Bilindiği üzere 15,21 Ağustos tarihinde bir araya gelen Uluslararası Uzay Birliği aldığı yeni bir kararla yıllardır gezegen olarak öğretilen ve bilinen Plütonu gezegenlikten çıkardı. Alınan bu karar bilimsel olmaktan çok siyasi bir karardır. Emperyalizmin hizmetinde olduğu bilinen Uluslararası Uzay Birliği, ABDnin dünyadaki egemenliği ele geçirdikten sonra uzaya da el atmasını sağlayacak NASA ile birlikte bu kararı almış ve Plüton şahsında tüm küçük gezegenlere karşı bu saldırı hayata geçirilmiştir.
Yıllardır okullarımızda gezegen olarak öğrendiğimiz Plütonun gezegenlik konumu bir anda alınan kararla değiştirilmiş, Plütonun gezegenlik hakkı adeta gasp edilmiştir. Yapılan bu saldırı Plüton şahsında tüm ezilen gezegenlere yöneltilmiş bir saldırıdır. Çünkü bilindiği gibi Plüton, en son bulunan, en küçük ve aynı zamanda güneşe en uzak gezegendir. Sırf bu konumundan kaynaklı yıllardır aşağılayıcı bir tutuma maruz kalmış ve hor görülmüştür. Ama buna rağmen gezegenlik tutumunda ısrarcı olmuş ve bu kimliğine leke sürdürmemiştir. Ancak yıllardır sürdürülen saldırıların ve uzun süren tecridin ardından yapılan bu son saldırı Plütonu hiç ummadığı bir anda yakalamış ve direngen bir tutum almasına rağmen saldırıyı püskürtmesini şimdilik olanaksız kılmıştır.

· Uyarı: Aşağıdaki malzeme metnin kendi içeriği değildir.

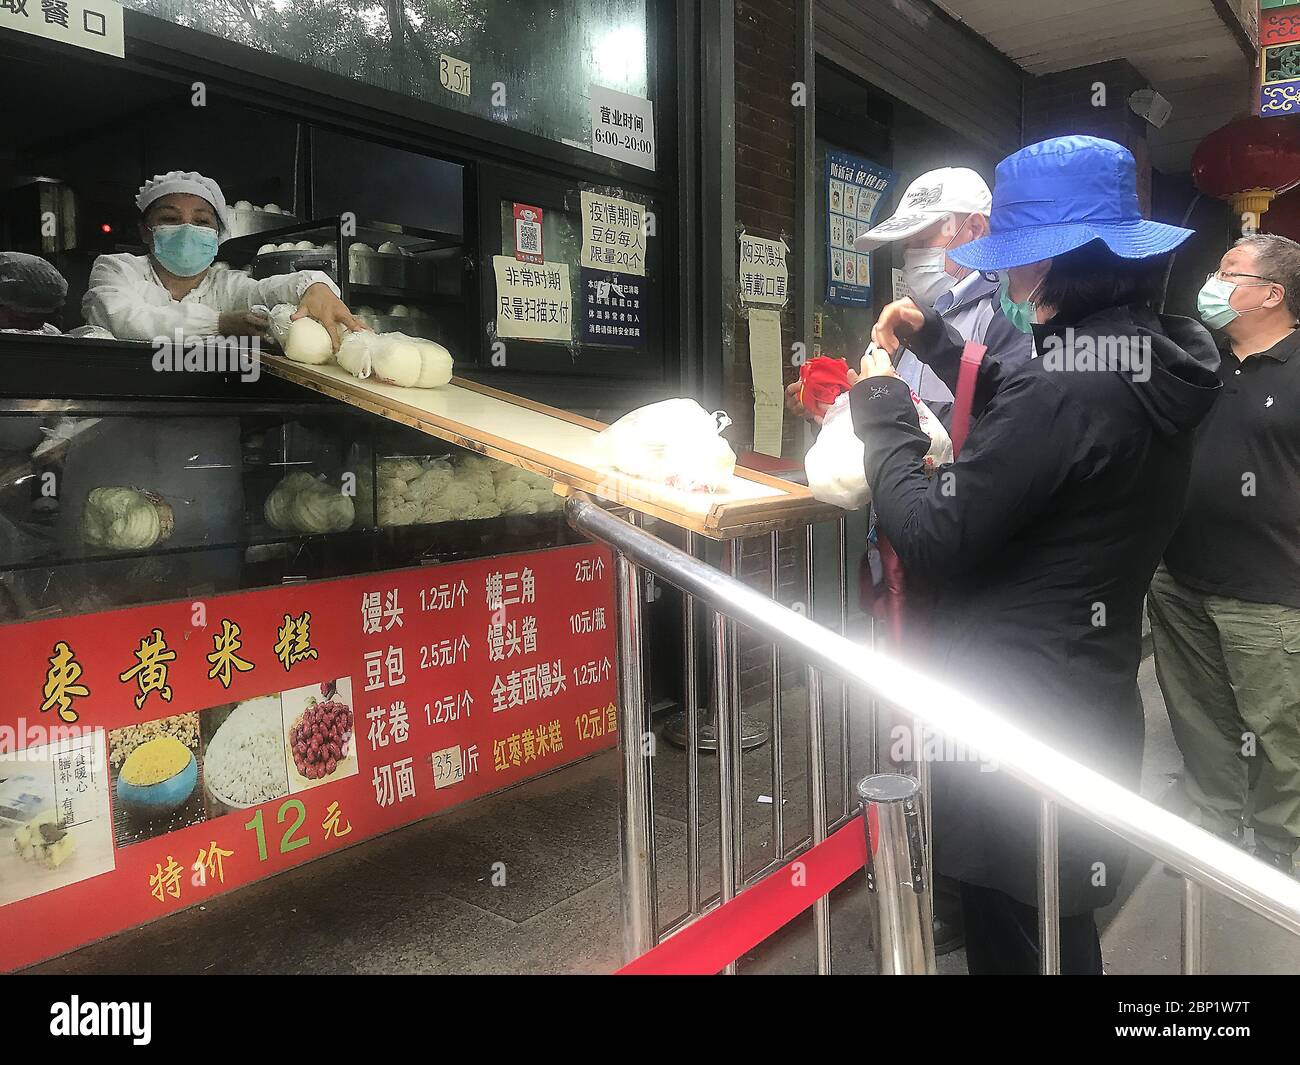 Beijing, China. 17th May, 2020. Chinese order dumplings and buns via an impromptu 'bridge' as they practice 'social distancing' and continue wearing protective face masks outside in downtown as the coronavirus pandemic threat continues in Beijing on Sunday, May 17, 2020. Wuhan, a city of 11 million, where the Covid-19 pandemic originated, reported new cases over the weekend, its first new infections in over a month. China is aggressively investigating the new cluster, announcing a plan to test the entire city in 10 days. Photo by Stephen Shaver/UPI Credit: UPI/Alamy Live News Stock Photo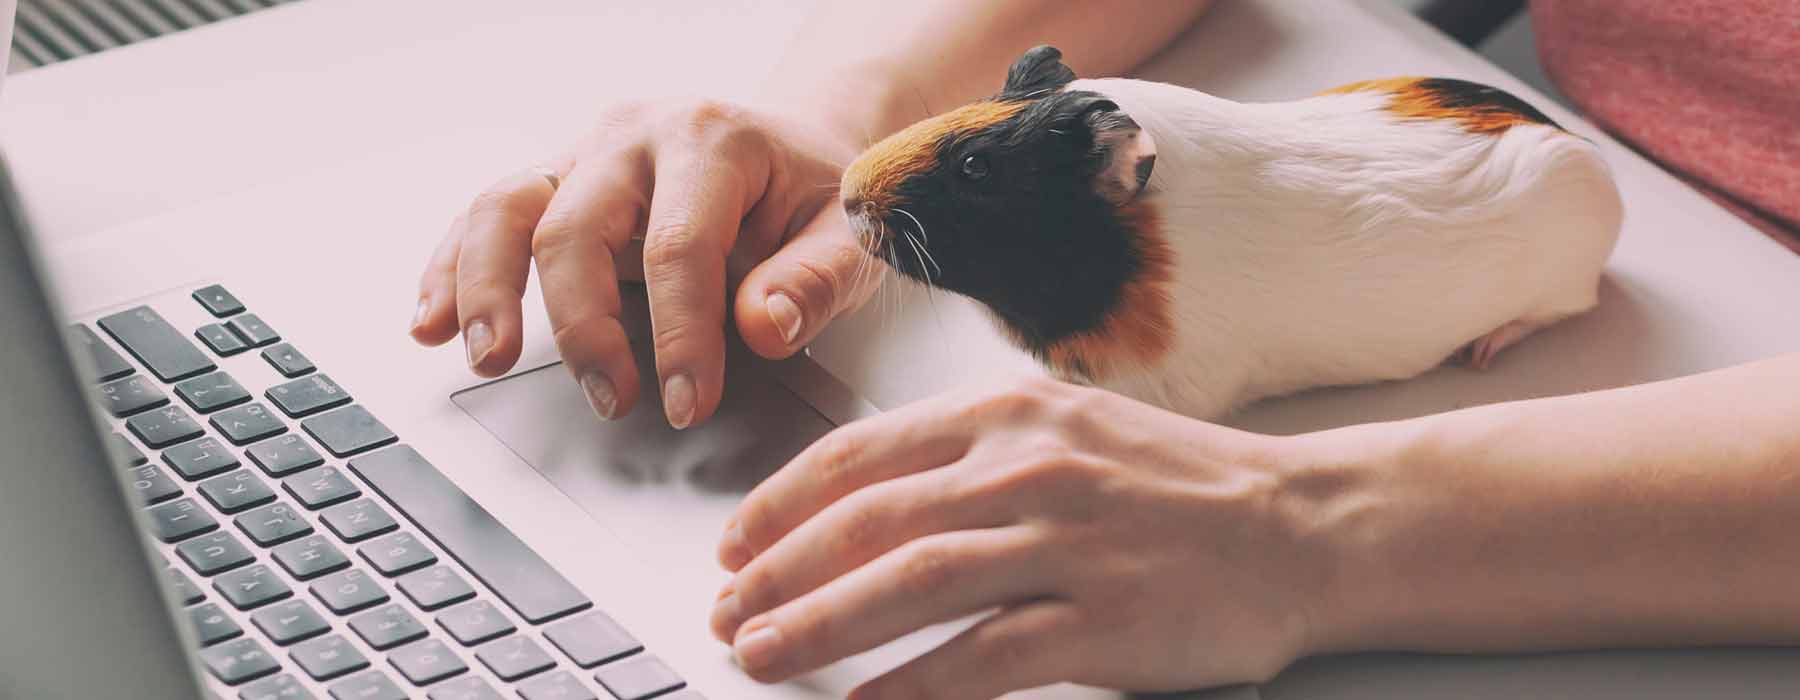 guinea pig in front of a laptop computer

Güneş Sistemindeki bu eşitsizliğin kaynağı Dünyamızda da eşitsizliklerin kaynağı olan emperyalist-kapitalist sistemdir. Emperyalist güçler, Dünyada muhalif ve ezilen güçlere karşı uyguladıkları baskı ve şiddet politikalarını bugün Güneş sisteminde Plütona karşı uygulamaktadırlar. Ama bugüne kadar resmi Güneş sistemi ideolojisi ve yaşantısının dışında kalabilmek için yükselttiği direniş bayrağı ve sürdürdüğü haklı mücadelenin Plütonda biriktirdiği militan ruh er geç egemen Güneş sistemi ideolojisini yıkacaktır.
Ezilen gezegen Plütona yapılanlar maalesef ki bunlarla da sınırlı değildir. Egemen güçler Plütonu gezegenlikten çıkartmakla kalmayıp ona cüce gezegen diyerek Plüton şahsında tüm ezilen gezegenleri aşağılamış ve güneş sistemindeki ayrımcılığı bir kez daha gözler önüne sermiştir. Buradaki amaç sadece Plütonun gezegenlik hakkını elinden alıp, bunu elit bir azınlığın hakkı haline getirmek değil aynı zamanda bundan sonrasında da küçük gezegenleri kimliksizleştirip kişiliksizleştirerek ideolojik planda da onları teslim alabilmektir.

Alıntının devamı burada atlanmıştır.